Observations of sea ice thickness and volume from multiple sources have revealed the continued decline of the Arctic sea ice pack over the last decade (Kwok and Rothrock 2009; Laxon et al. 2013; Kwok and Cunningham 2015; Lindsay and Schweiger, 2015). These changes have impacts on the regional Arctic and sub-Arctic climate, environment and ecosystems. To understand these impacts, as the Arctic transitions from a predominantly multi-year ice pack to a seasonal ice cover (Fig. 4.3), continued monitoring of the thickness of the ice pack is required. The European Space Agency CryoSat-2 satellite has been measuring sea ice freeboard (from which sea ice thickness and volume are derived) since 2010 (Tilling et al., 2015). Measurements of sea ice plus snow thickness by airborne electromagnetic induction sounding (AEM) from helicopters and aircrafts by various agencies have been made during late summer since 2001 (Haas et al. 2010).

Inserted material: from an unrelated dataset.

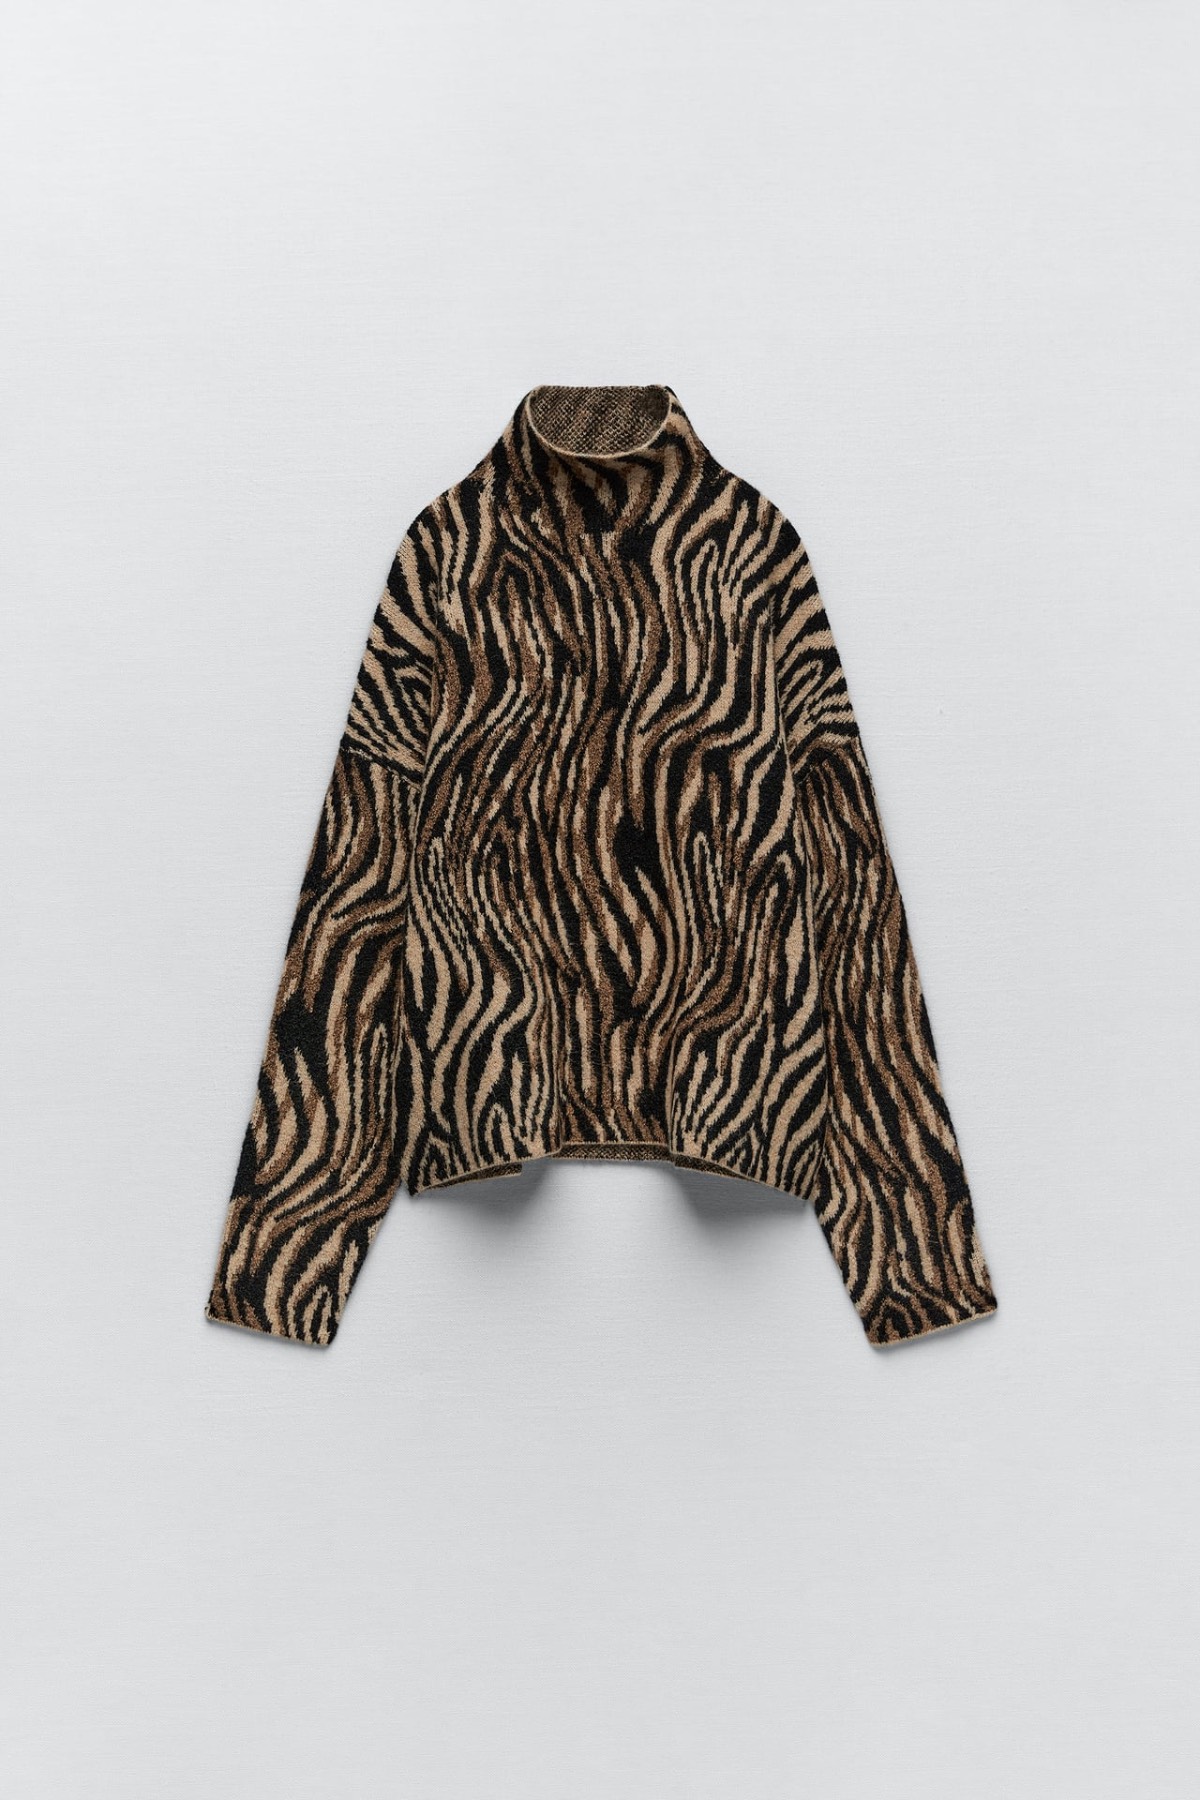 Jersey Leopardo de Zara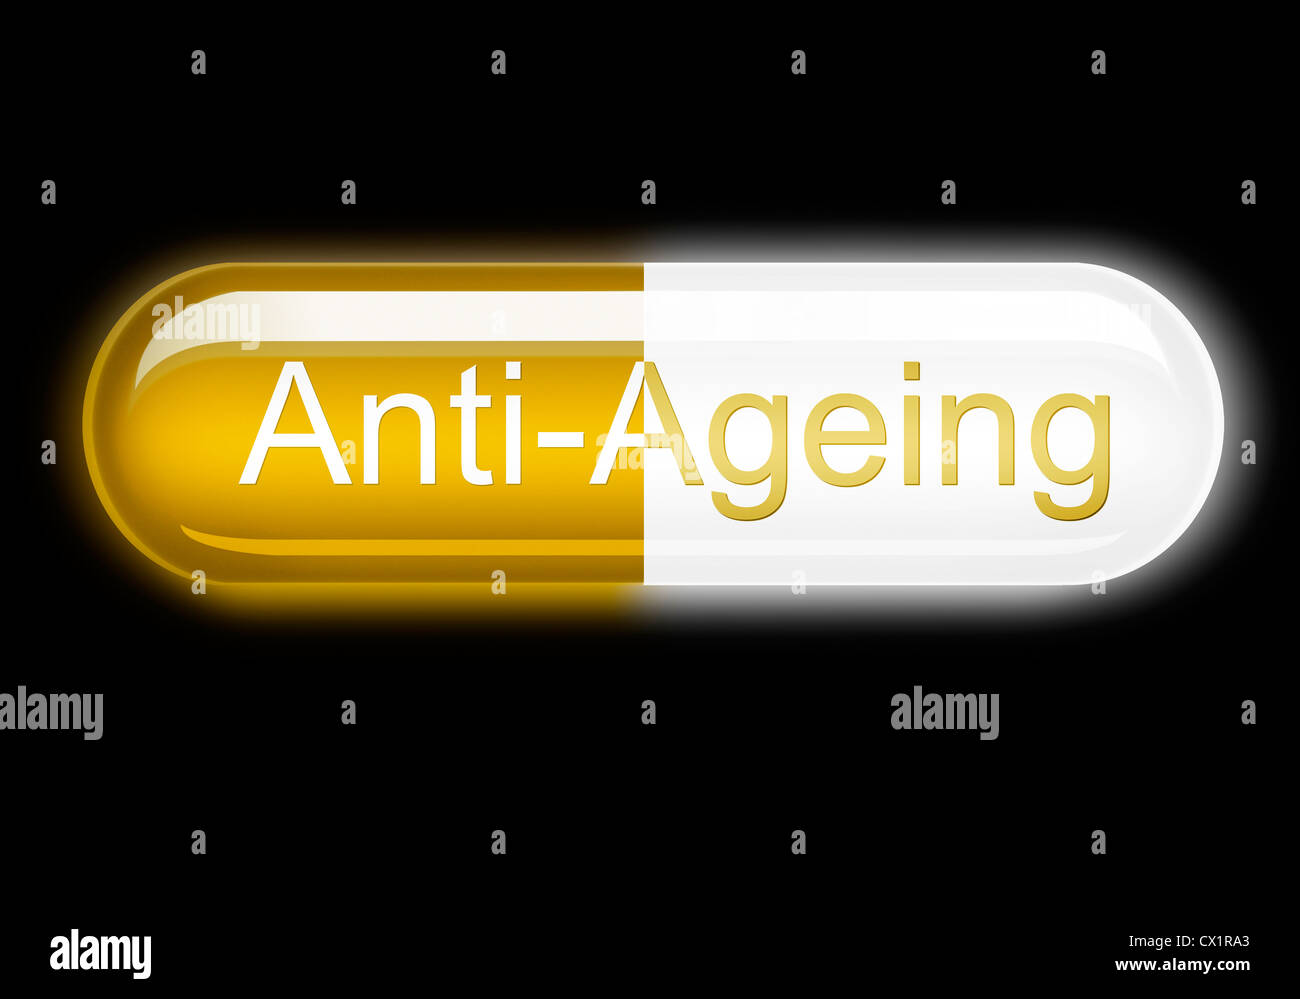 Abbildung eines glühenden Anti-Aging-Kapsel auf schwarzem Hintergrund. Konzept Bild Stockfoto

CryoSat-2 derived Arctic sea-ice thickness in April 2016 are presented in Fig. 4.4. The ice is near its maximum annual thickness in April at the end of winter. Also plotted is the 2016 anomaly compared to the average April values from 2011 to 2015. As in previous years, results show a thickness gradient across the central Arctic Ocean between the oldest, thickest ice near Greenland and the Canadian Arctic Archipelago (3-4 m), and younger ice in the Beaufort, East Siberian and Laptev Seas (≤2 m) (Fig. 4.4a). In the context of the average conditions, the April 2016 results (Fig. 4.4b) show two distinct features. The first was a band of thick multi-year ice in the southern and eastern Beaufort Sea that is surrounded by thinner ice (up to 1 m below average) in the western Beaufort Sea and Canada Basin. The second feature was a region with above average thickness north of Fram Strait in the Eurasian Basin. Airborne electromagnetic induction surveys (York University) obtained independent measurements of ice thickness in this region and confirmed the CryoSat-2 results. Such spatial and temporal variability in ice thickness results from variability in the motion of the ice. Areas of ice divergence typically have thinner ice while convergence ice causes ridging and thicker ice.

Fig. 4.4. Observations of sea ice thickness. (a) Sea ice thickness derived from ESA CryoSat-2 in April 2016. (b) Sea ice thickness anomaly in April 2016 to the mean of all previous years (2011 – 2015) of the CryoSat-2 observational data record. Blue indicates regionally thinner and red indicates thicker sea ice in 2016 than the 5 year average.


Fetterer, F., K. Knowles, W. Meier, and M. Savoie. 2002, updated daily. Sea Ice Index. Boulder, Colorado USA: National Snow and Ice Data Center.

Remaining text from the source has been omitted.